Glycopeptides are another class of antibiotics. Vancomycin is the class originator for the glycopeptides. Lipoglycopeptides are a subclass of glycopeptides and they are derived from the structure of vancomycin. Examples are telavancin and dalbavancin.

Vancomycin and the lipoglycopeptides have slight differences in their mechanism of actions. Vancomycin inhibits cell wall synthesis of bacteria by preventing the cell wall component of bacteria, peptidoglycan, from elongating and cross-linking. With weakened peptidoglycan, the bacterial cell becomes susceptible to lysis. Lipoglycopeptides, additionally, can increase the membrane permeability of the bacterial cell and disrupt the bacterial cell membrane potential.

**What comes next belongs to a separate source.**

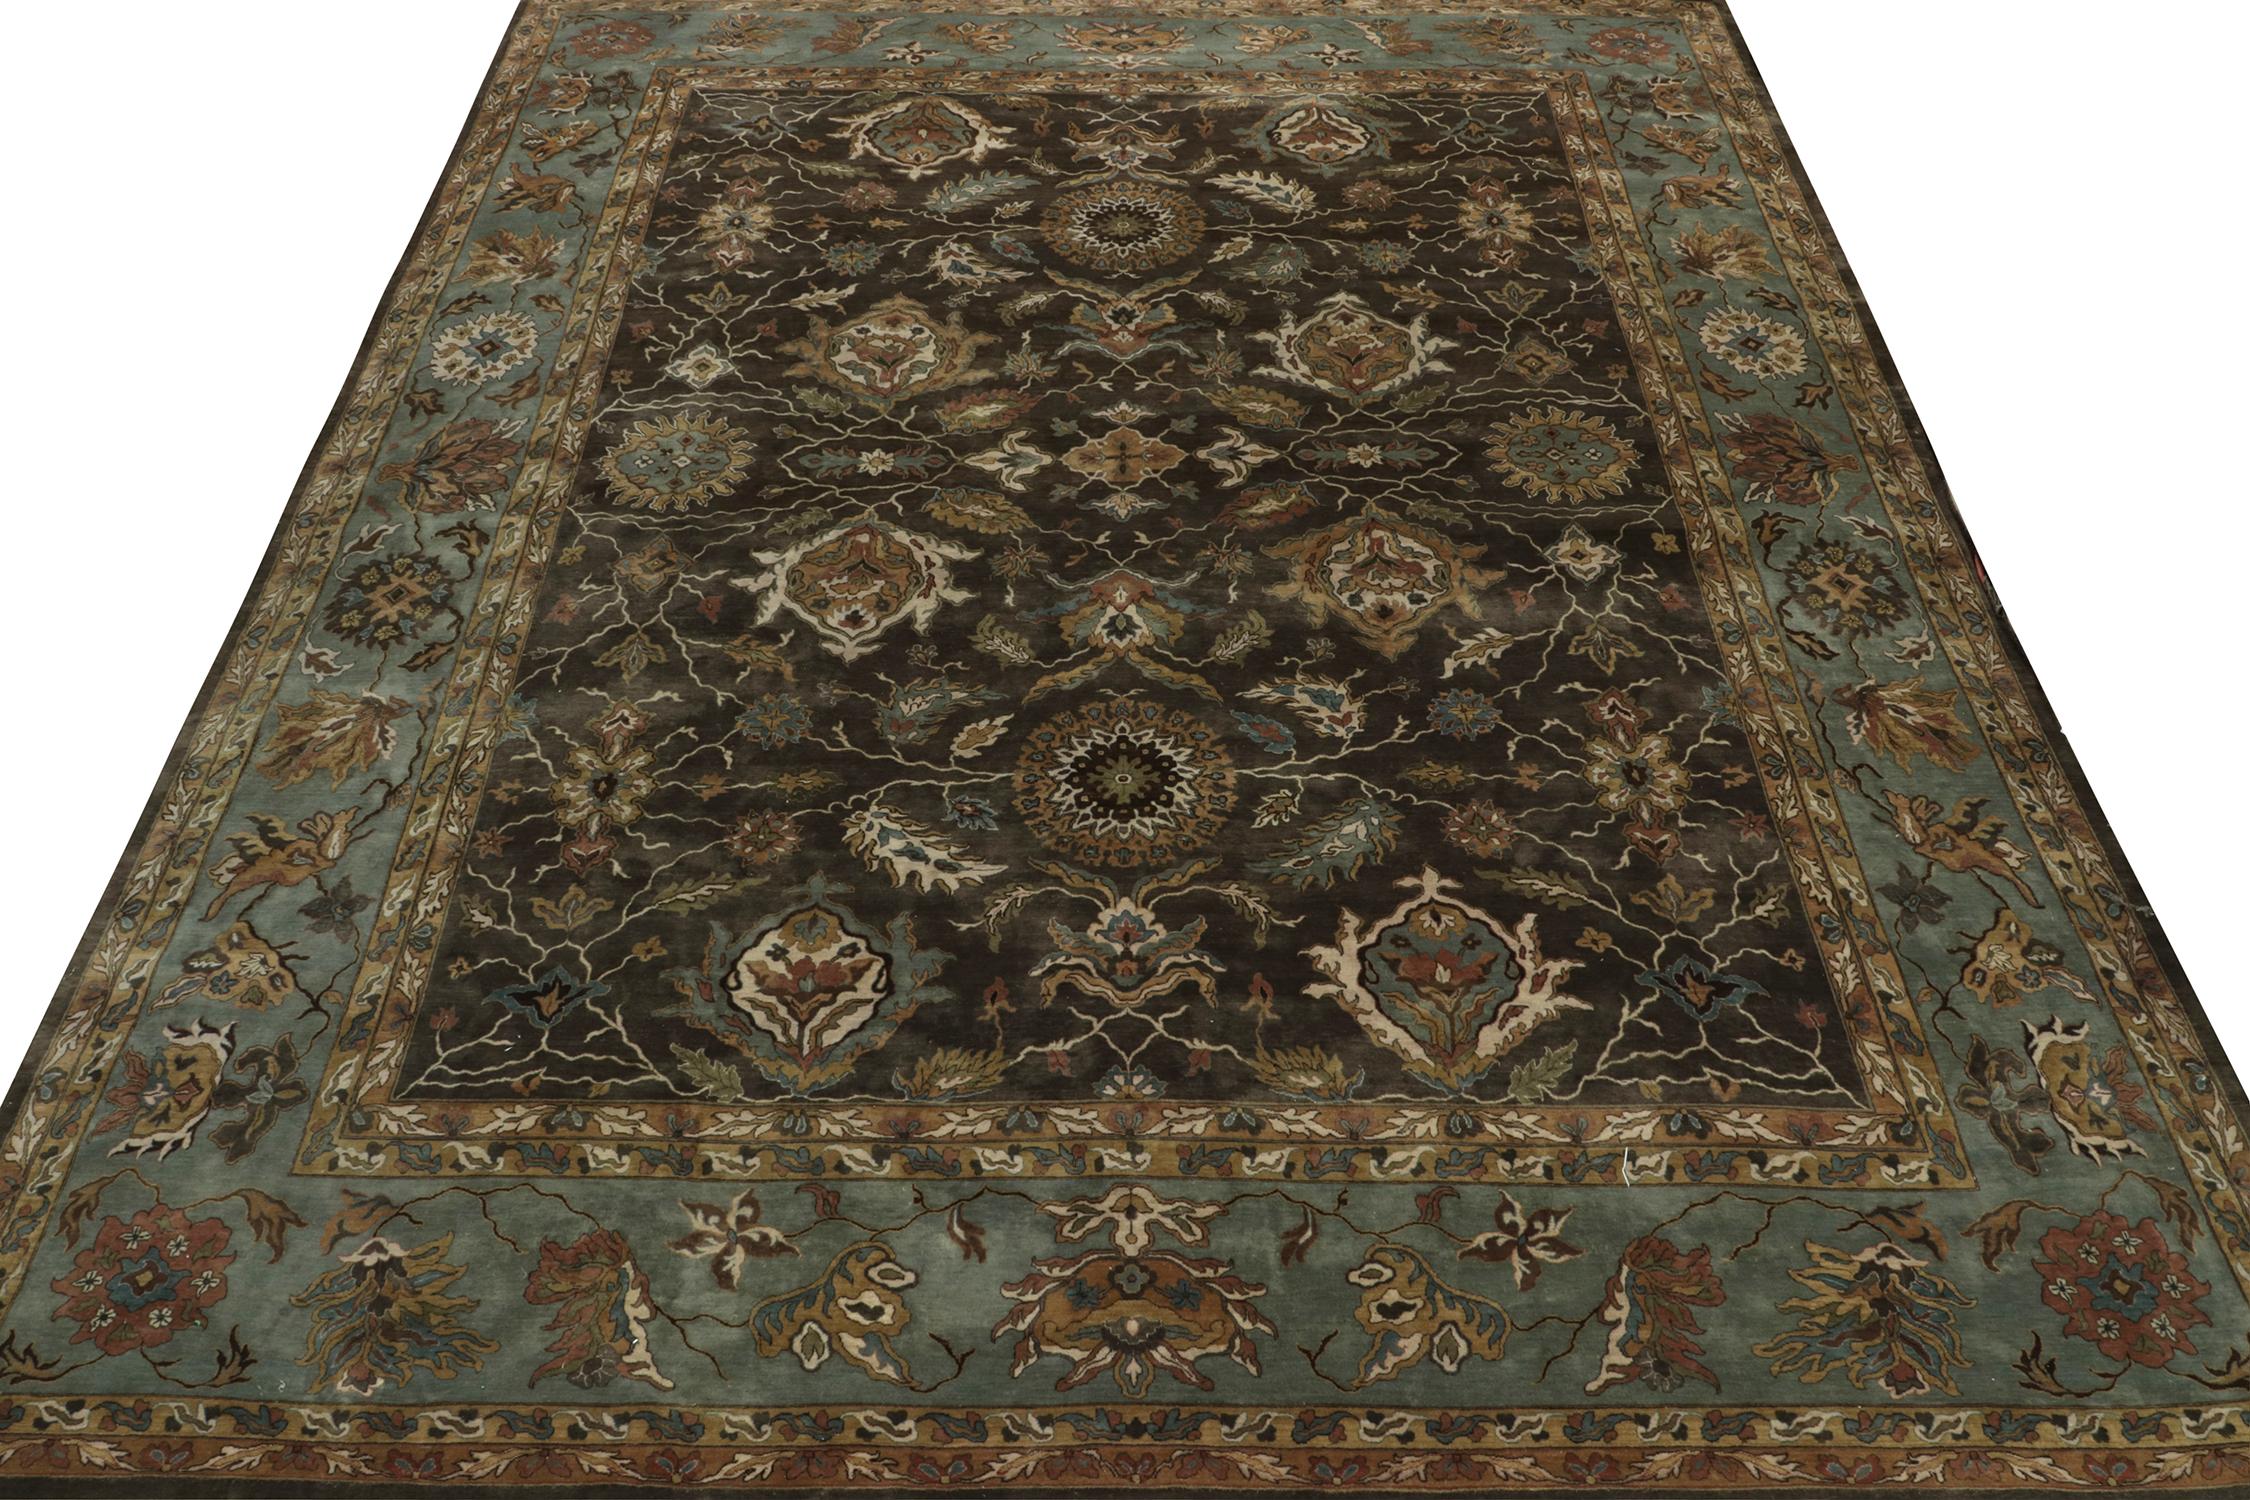 Indian Rug & Kilim’s Classic Tabriz style rug in Brown, Blue and Gold Floral Patterns For Sale

This class of antibiotics can be used to treat skin or joint infections, where gram-positive bacteria are the pathogens responsible. Vancomycin is also used as an initial empirical treatment agent of community-acquired bacterial meningitis in locations where penicillin-resistant S. pneumoniae is common. This drug has other clinical uses, including endocarditis and respiratory tract infections caused by Methicillin-resistant Staphylococcus aureus (MRSA).

Case reports suggested that long-term use of vancomycin has been associated with ototoxicity. However, there is no well-established causal link between vancomycin and ototoxicity. For instance, preclinical studies showed that vancomycin had a low risk of inducing ototoxicity. Despite these findings, literature generally agreed that pre-existing hearing abnormalities, concomitant use of aminoglycosides and renal dysfunction are risk factors for vancomycin-induced ototoxicity.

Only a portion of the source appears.